The new building was designed by the city architect, Harold Rowe, in the Modernist style, built in concrete and glass and was opened as "St George's Hall" in 1960. The design involved a main frontage in three sections facing onto Market Street. The central section featured a tall brick structure with diamond-shaped decoration, to which the city coat of arms was fixed at first floor level, flanked by full-height concrete pillars supporting a perforated beam. The three-storey side sections were faced with alternating bands of blue panelling and glass. Internally, the principal rooms were a market hall on the ground floor and an events venue on the first floor. The architectural historian, Nikolaus Pevsner, was unimpressed with the design and described it as "a rather tatty effort in a belated Festival of Britain spirit".

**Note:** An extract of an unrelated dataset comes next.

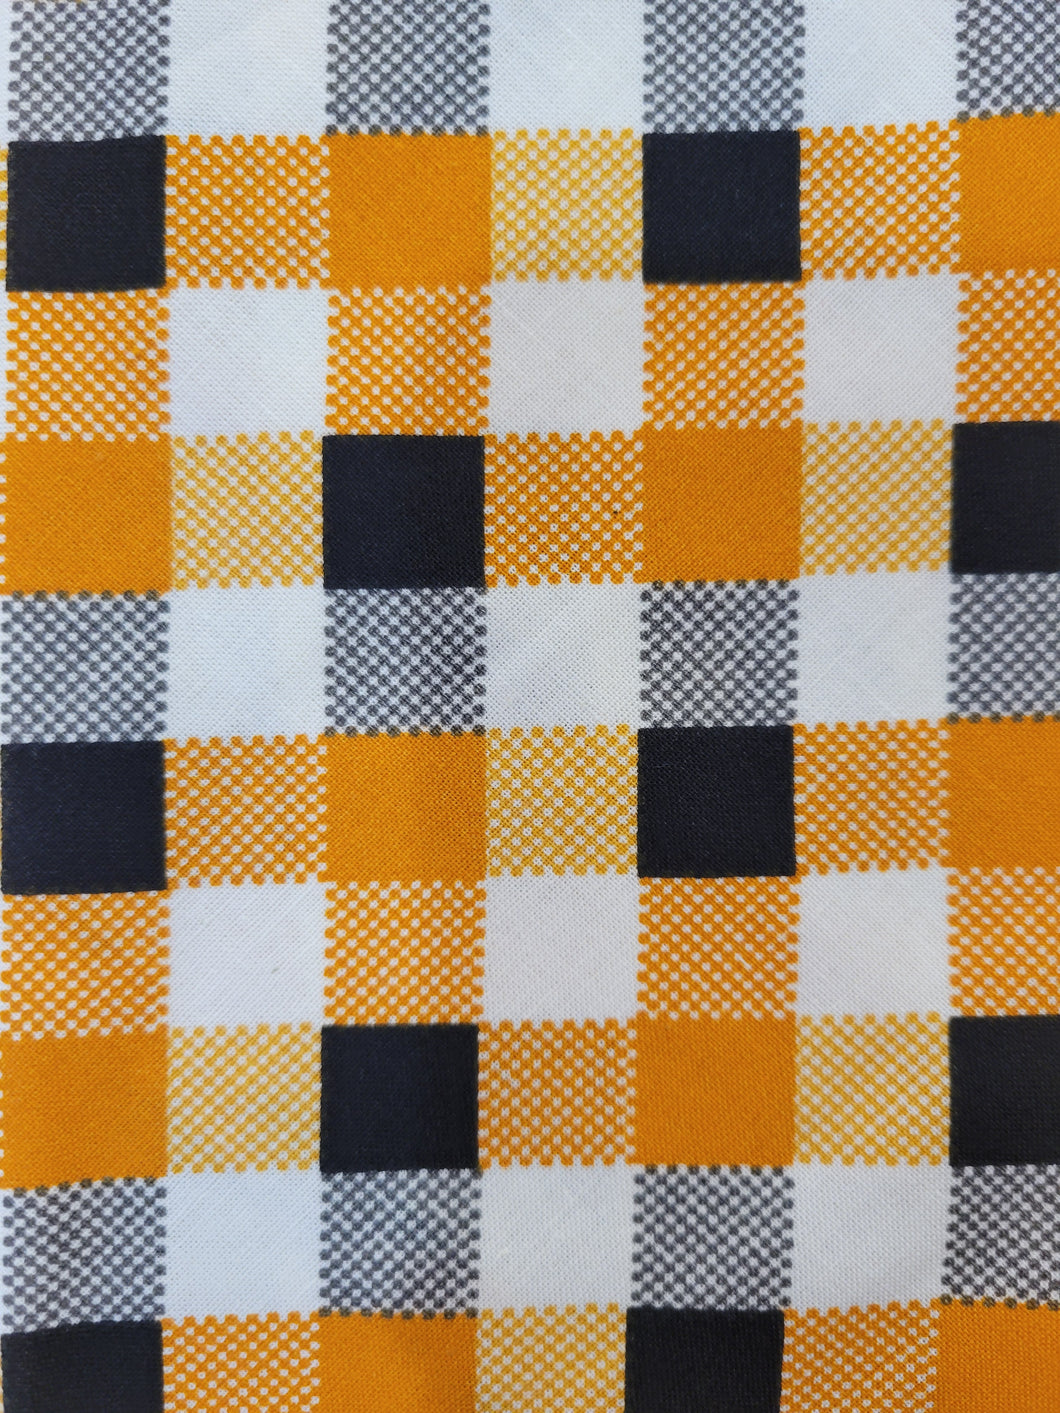 Orange/Black/Cream Checkered (SMALL)

The events venue on the first floor was a popular venue in the 1970s and 1980s: performers included the rock band Thin Lizzy in February 1972, the rock band, New Model Army, in May 1985 and the pub rock band Dr. Feelgood in November 1989.

Following a refurbishment in 2007, the building was re-branded as the "Corn Exchange" recalling one of the uses of the earlier structure on the site. The works, which cost £1.8 million, involved improvements to the auditorium on the first floor as well as the conversion of the ground floor into a sustainable "food emporium". The auditorium has a capacity of 500, seated or standing. There are also two small meeting rooms.

In January 2020, Exeter City Council confirmed that it was considering making further improvements to the Corn Exchange as an alternative to a commissioning a completely new venue for major public events in the city. One of the episodes of the BBC New Comedy Award was held at the venue in 2022.